Australian Financial Review

UK giant takes stake in local home equity group

Josh Funder and Natasha Mora

Legal & General, the UK financial services giant with more than $2.2 trillion under management, has taken a 20 per cent stake in Household Capital.

It's the first strategic investment by Britain’s largest reverse mortgage provider in 22 years, following the $892 million sale of its local business to Colonial Mutual in 1998.

Household Capital has also announced a Series B financing, which takes the total amount of capital raised by the group which specialises reverse mortgage retirement funding to $25 million since launching in 2017.

Legal & General chief executive Chris Knight said: “The Australian equity release market is extremely promising, with Household Capital at the forefront of developing innovative funding options for retirees.”

Josh Funder, chief executive of Household Capital, added: “This strategic investment shows when it comes to tackling the challenge of our burgeoning retirement-age population, global investors see Australia as a significant market opportunity.”

A reverse mortgage allows borrowers from the age of 60 to convert the equity in their homes into cash. Equity is the value of the property, minus any mortgage debt.

Reverse mortgages allow retirees to draw 15 per cent of household equity at 60 and increase withdrawals by 1 per cent a year for the next 20, or a cap of 35.5 per cent.
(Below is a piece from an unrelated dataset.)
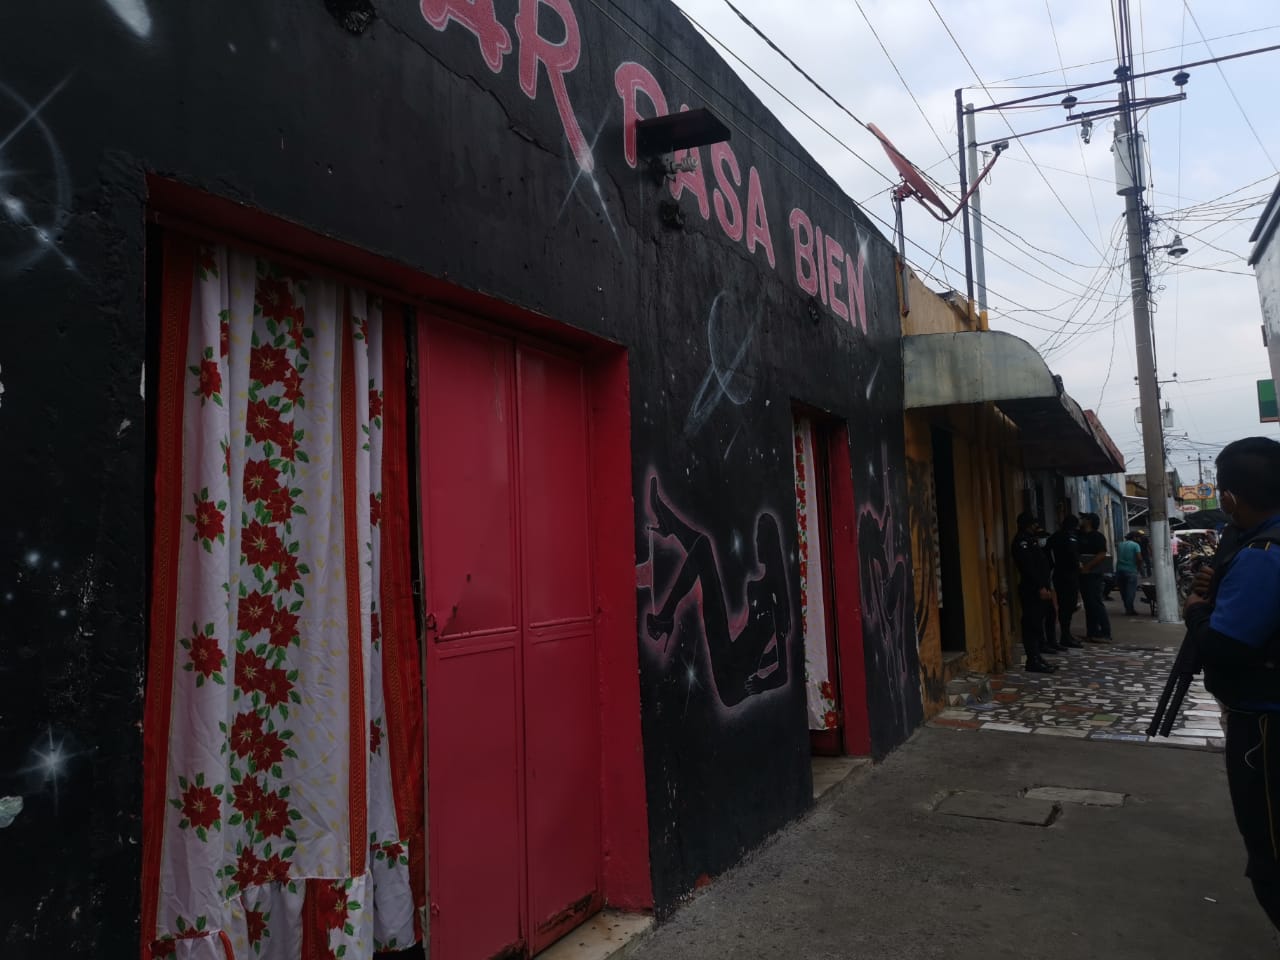 Los operativos en contra de la trata de personas se desarrollaron en centros nocturnos de Patulul, Suchitepéquez. (Foto Prensa Libre: MP)

Interest rates vary from Household Capital’s 5.15 per cent to Heartland Seniors Finance's 6.2 per cent. Household Capital has an application fee of 1.5 per cent on drawn capital with no ongoing fees while P&N Bank charges $395 and an ongoing annual fee of $80.

An estimated 4.5 million retirees’ equity in their homes is on average about four to five times their super savings, which for male Baby Boomers is about $150,000 and for females around $80,000, according to government analysis.

Existing retirees are estimated to have about $1 trillion in home equity. Reverse mortgage providers claim interest in the products have increased by about 20 per cent in the past 12 months. This demand is expected to continue rising as retirees seek alternative sources of income to equity and fixed income, which are being smashed by tumbling markets and falling cash rates.

Retail and industry funds are attempting to repair retiree confidence in the sector that was damaged by the loss of wholesale funding in the wake of the global financial crisis and irresponsible lending that led to a regulatory shake-up.

Nick Sherry, former federal super minister and chairman of Household Capital, said regulation of the products has been over-hauled to protect consumers and achieve the government’s aim of making home equity the “third pillar” of retirement funding.

In the UK, Legal & General annually issues close to $2 billion worth of reverse mortgages. The company’s local commercial director, Natasha Mora, will join the Household Capital board of directors. The Series B funding will be used to increase Household Capital to expand its staff, boost marketing and product range.

Mr Sherry said: “It is a myth that Australian’s downsize. They want to continue to live in their homes and in their community. Growth in home equity retirement funding is not only necessary, it is inevitable.”